Reproduce every line of the material below exactly. No pictures belong in the copy.

> Data below:
= = =

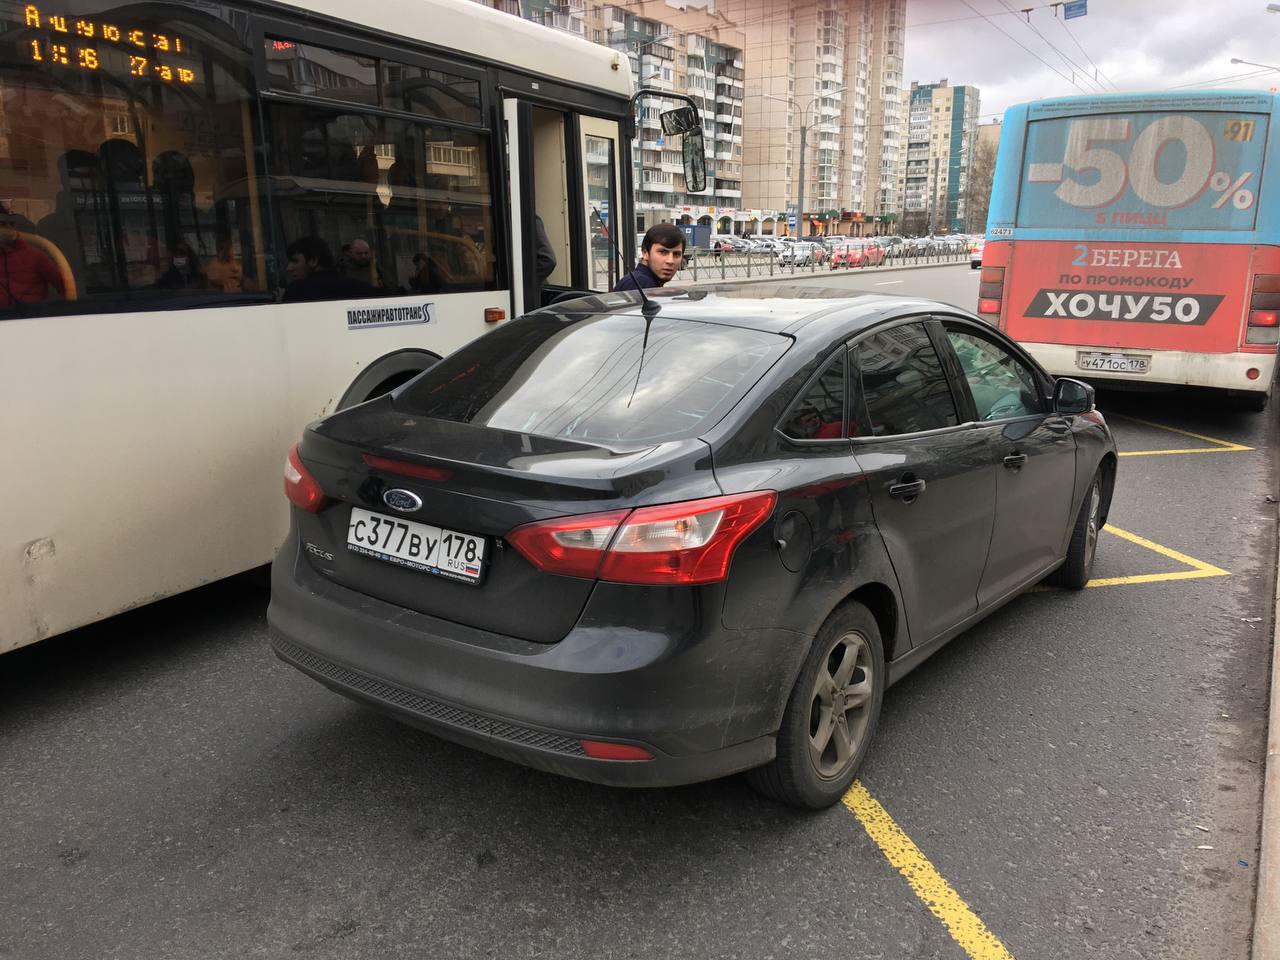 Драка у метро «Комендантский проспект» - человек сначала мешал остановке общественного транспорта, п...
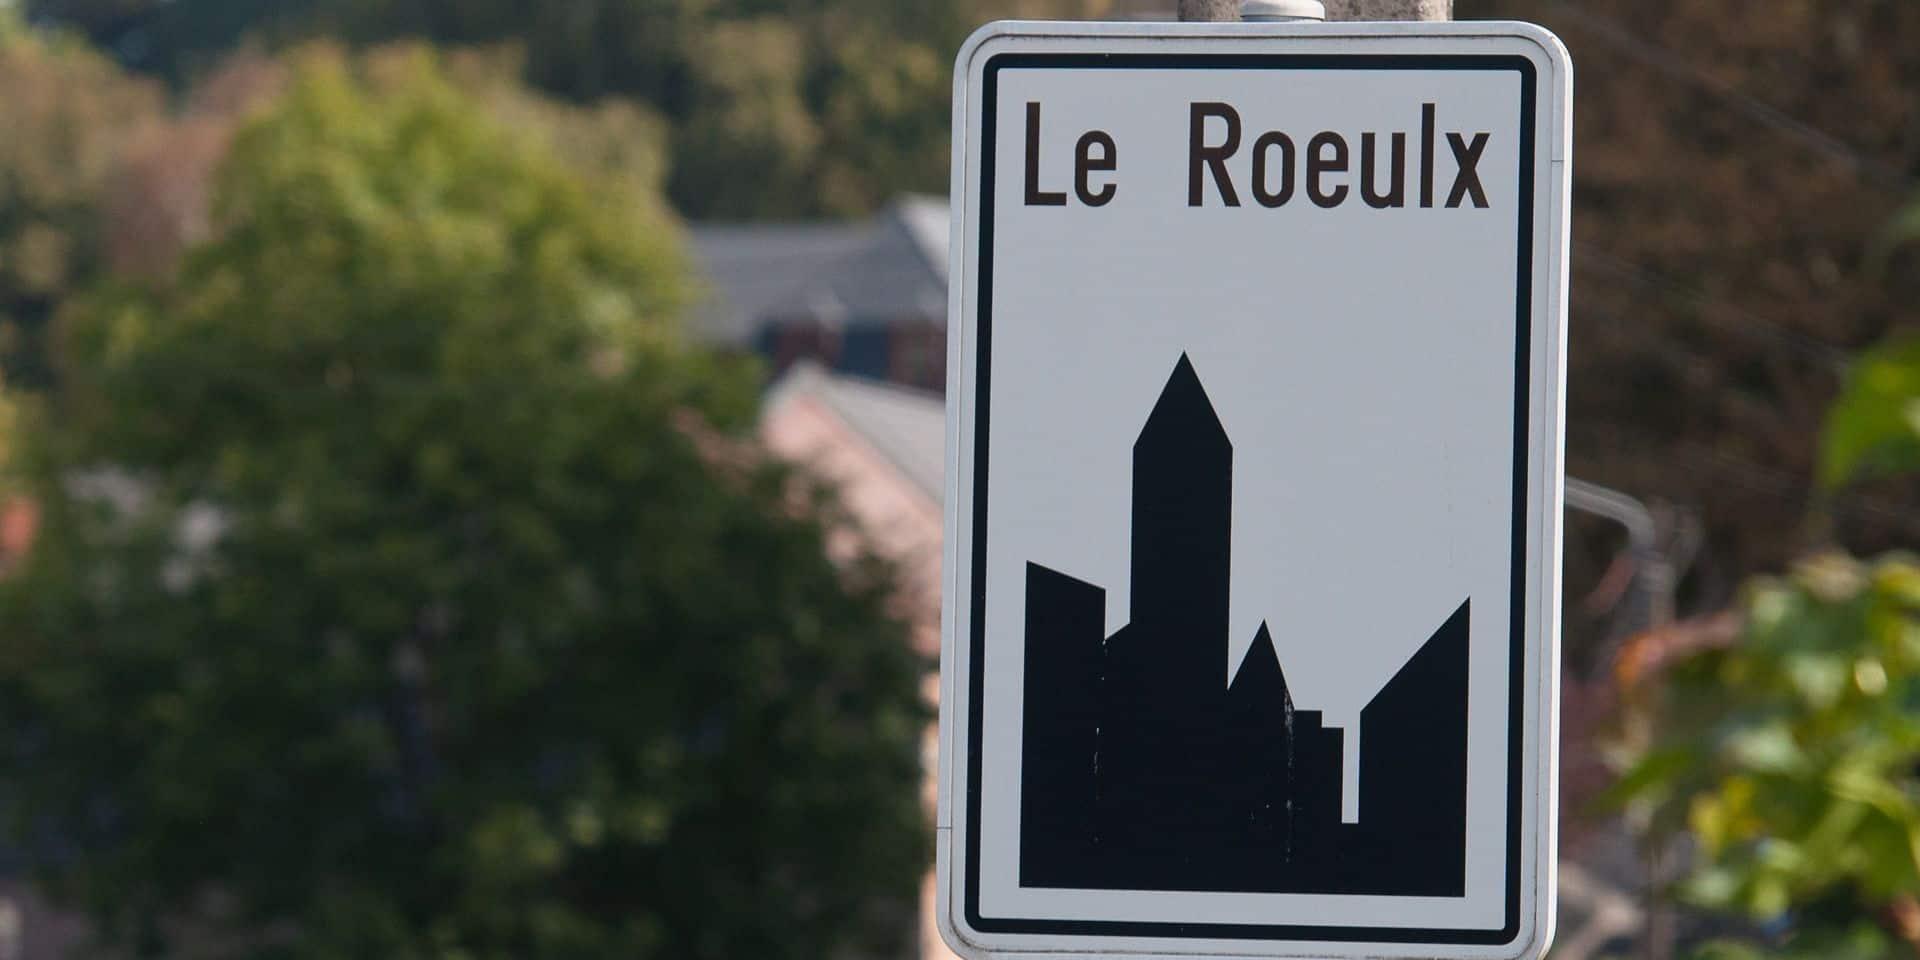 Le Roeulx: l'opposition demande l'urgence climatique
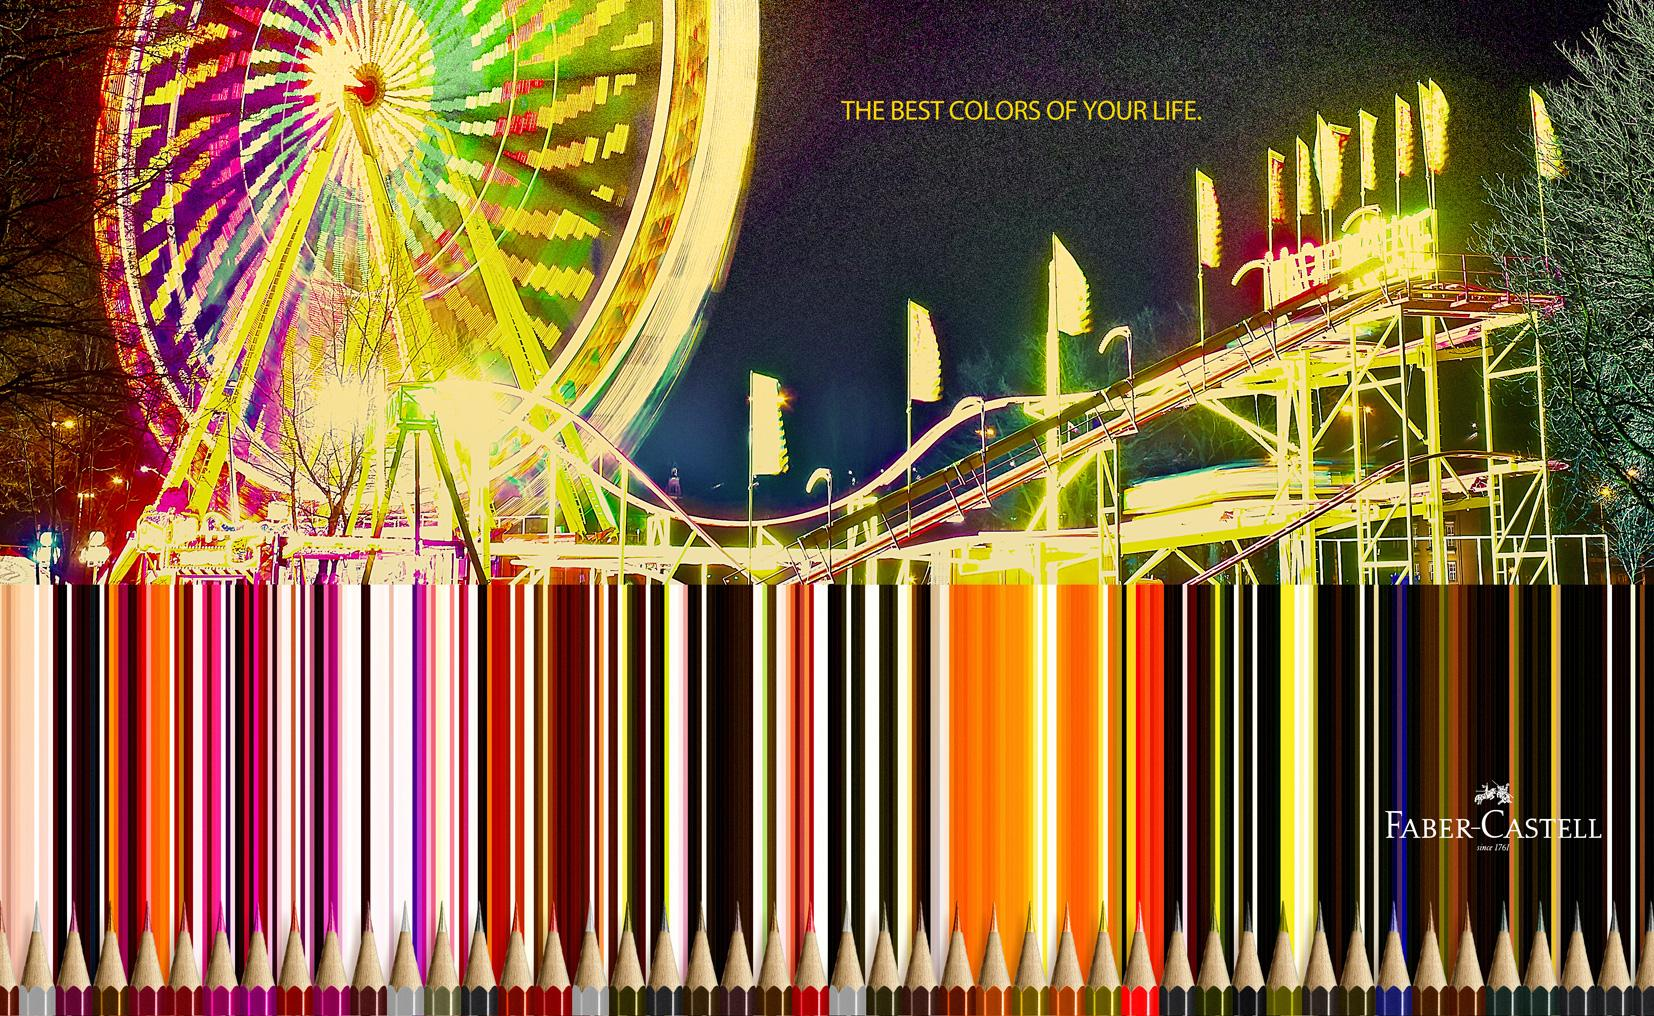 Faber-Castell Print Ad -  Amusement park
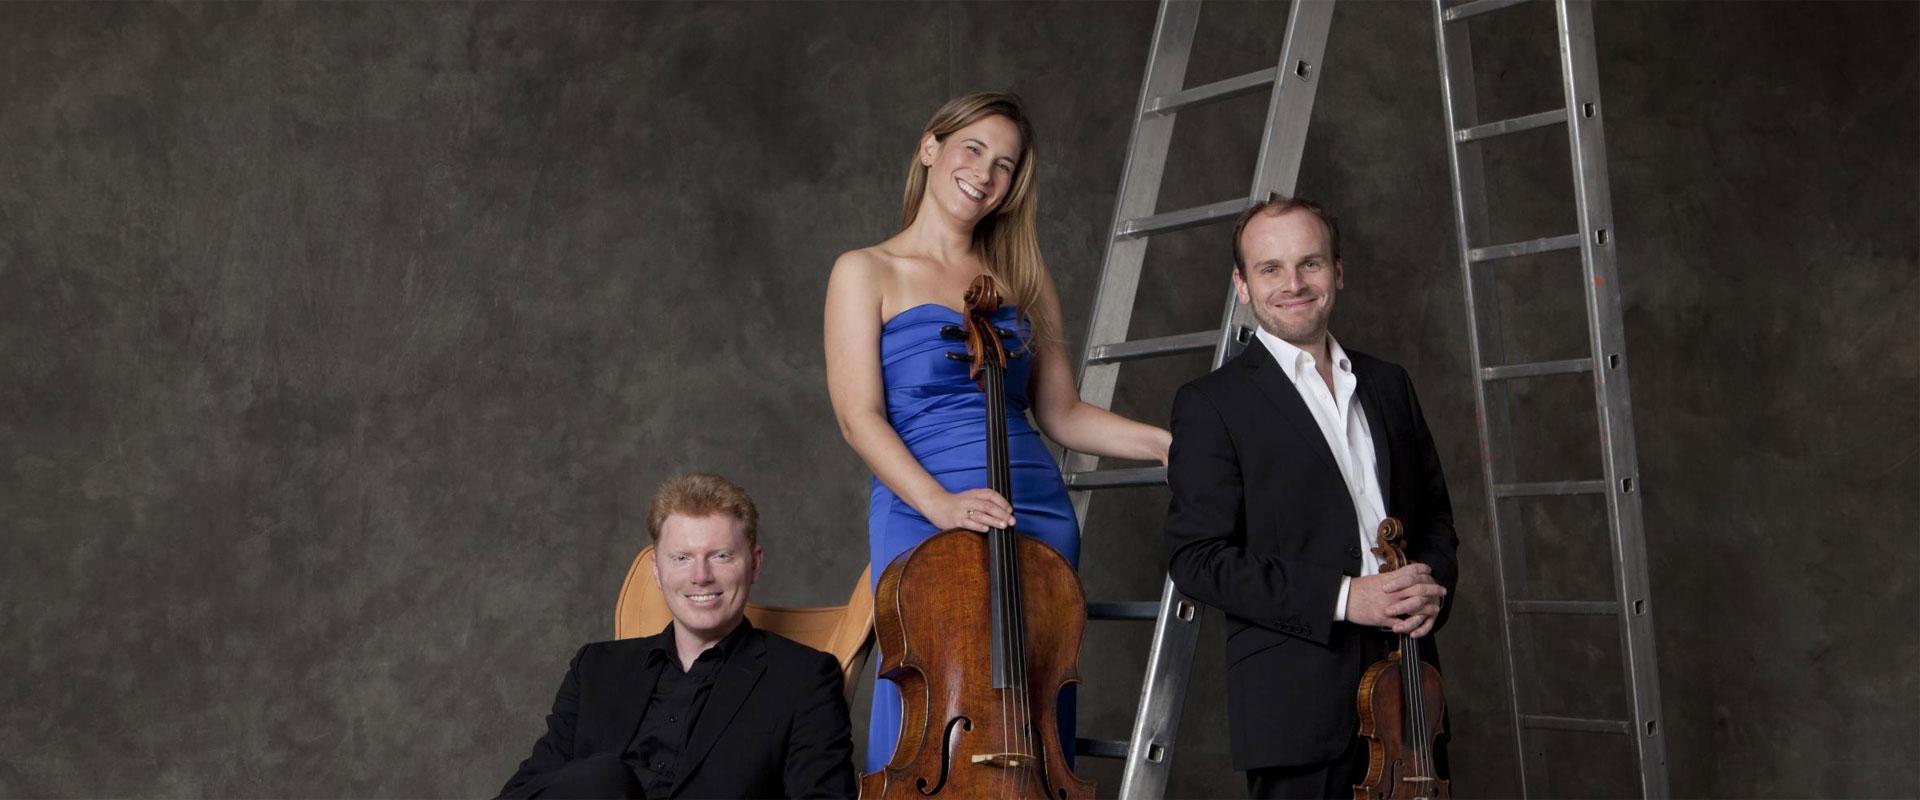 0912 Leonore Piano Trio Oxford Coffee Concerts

= = =

> Solution to the exercise:
 Драка у метро «Комендантский проспект» - человек сначала мешал остановке общественного транспорта, п...
 Le Roeulx: l'opposition demande l'urgence climatique
 Faber-Castell Print Ad -  Amusement park
 0912 Leonore Piano Trio Oxford Coffee Concerts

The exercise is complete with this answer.